Giovanni Cavazzon
Testi critici


STEFANIA VOLPE
Apollo e Dafne.

Una mano tesa riempie il vuoto fra la donna-ninfa e una sagoma riconoscibile solo nel profilo, simbolo di giovinezza e bellezza, inventore della lira, quello strumento che sporge a lato uscendo dallo spazio dell’opera: la storia di Apollo e Dafne continua, è senza alcun limite di conoscenza e di tempo. Tutto è racchiuso in una cassa vissuta, che diviene una dimensione successiva a quella dell’opera, dove il mare e il cielo aumentano gradatamente il loro effetto di lontananza, creando quel freddo azzurro orizzonte immaginario, in cui l’amata sfugge, già toccando con la punta delle dita il suo destino: un piccolo ramo di alloro sarà la salvezza dall’amore estremo e l’incoronazione della poesia.

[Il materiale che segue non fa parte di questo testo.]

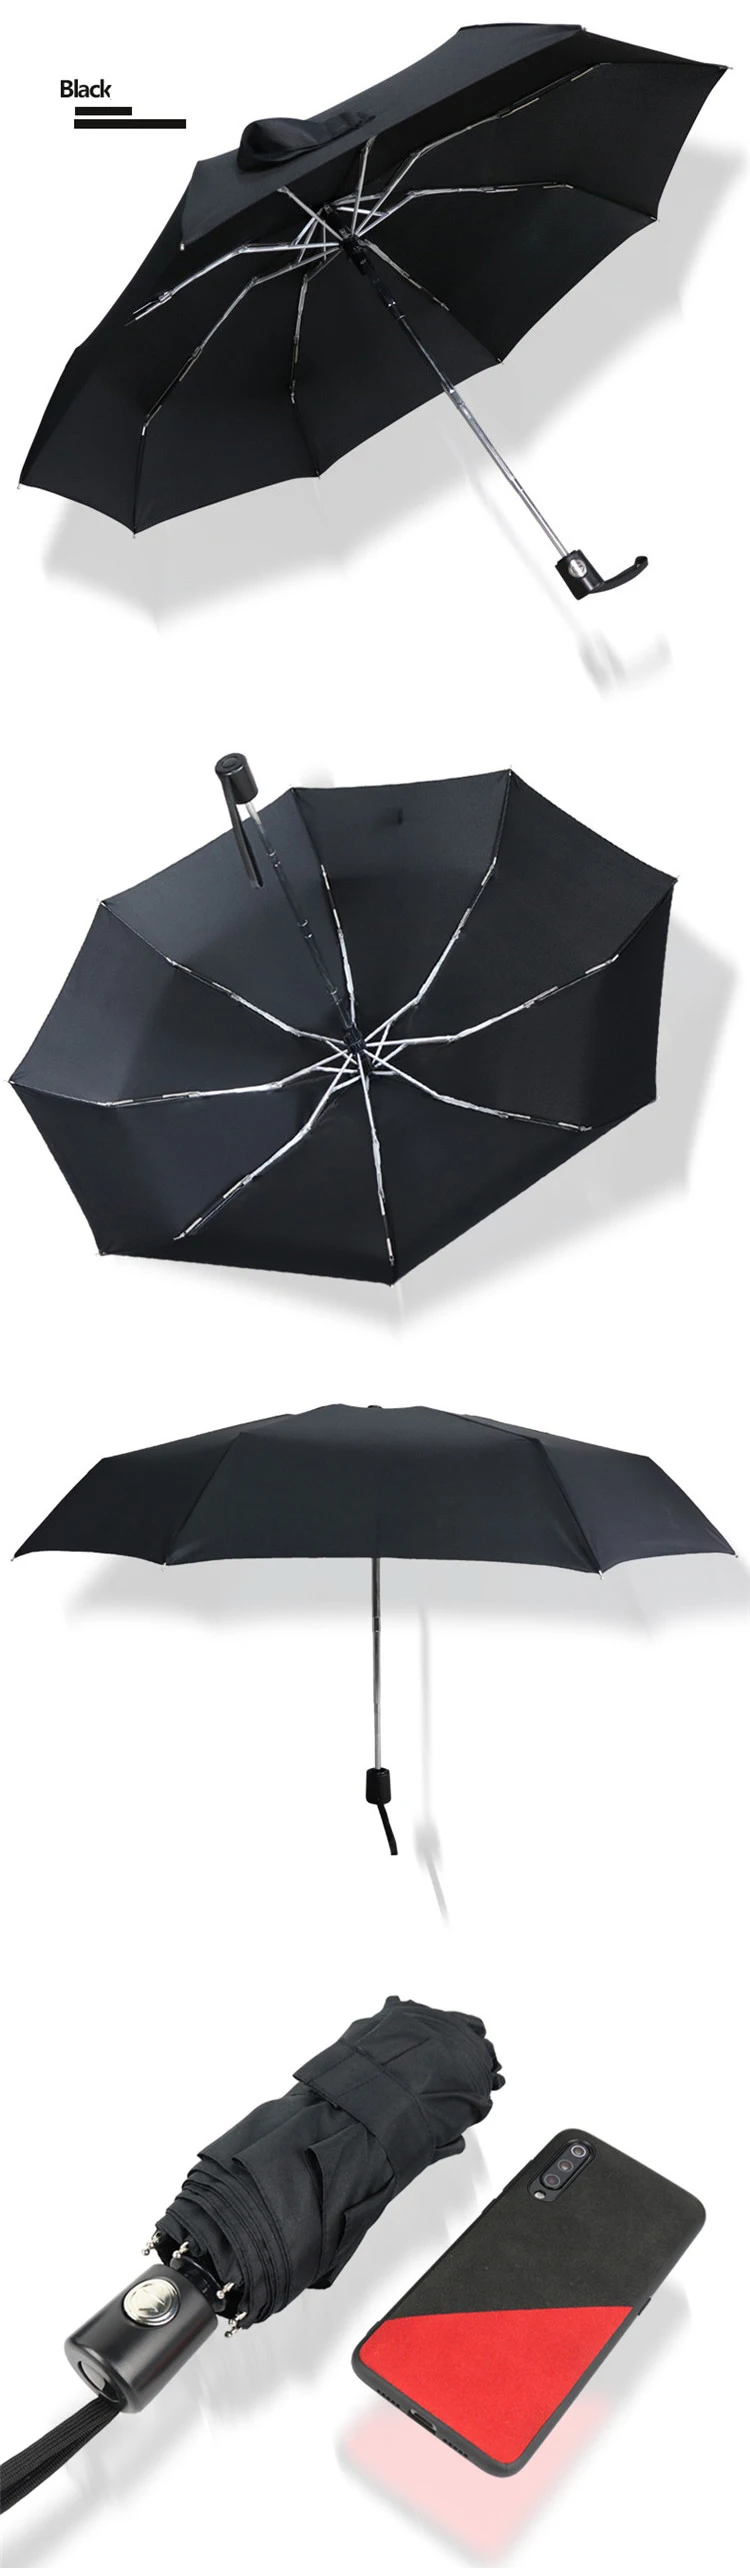 5 fold umbrella1.jpg

La stessa poesia si può immaginare e leggere attraverso le Veneri eseguite dall’artista: sono delle fonti di energia, racchiudono sentimento, emozione e personalità distinte, legate a dei momenti sempre realmente vissuti e sentiti, universali e consacrati dal pennello, secondo una linea di storia vera che lega l’uomo e la donna, mortali e divini, a formare un connubio che scorre perenne attraverso le stagioni, attraverso la vita.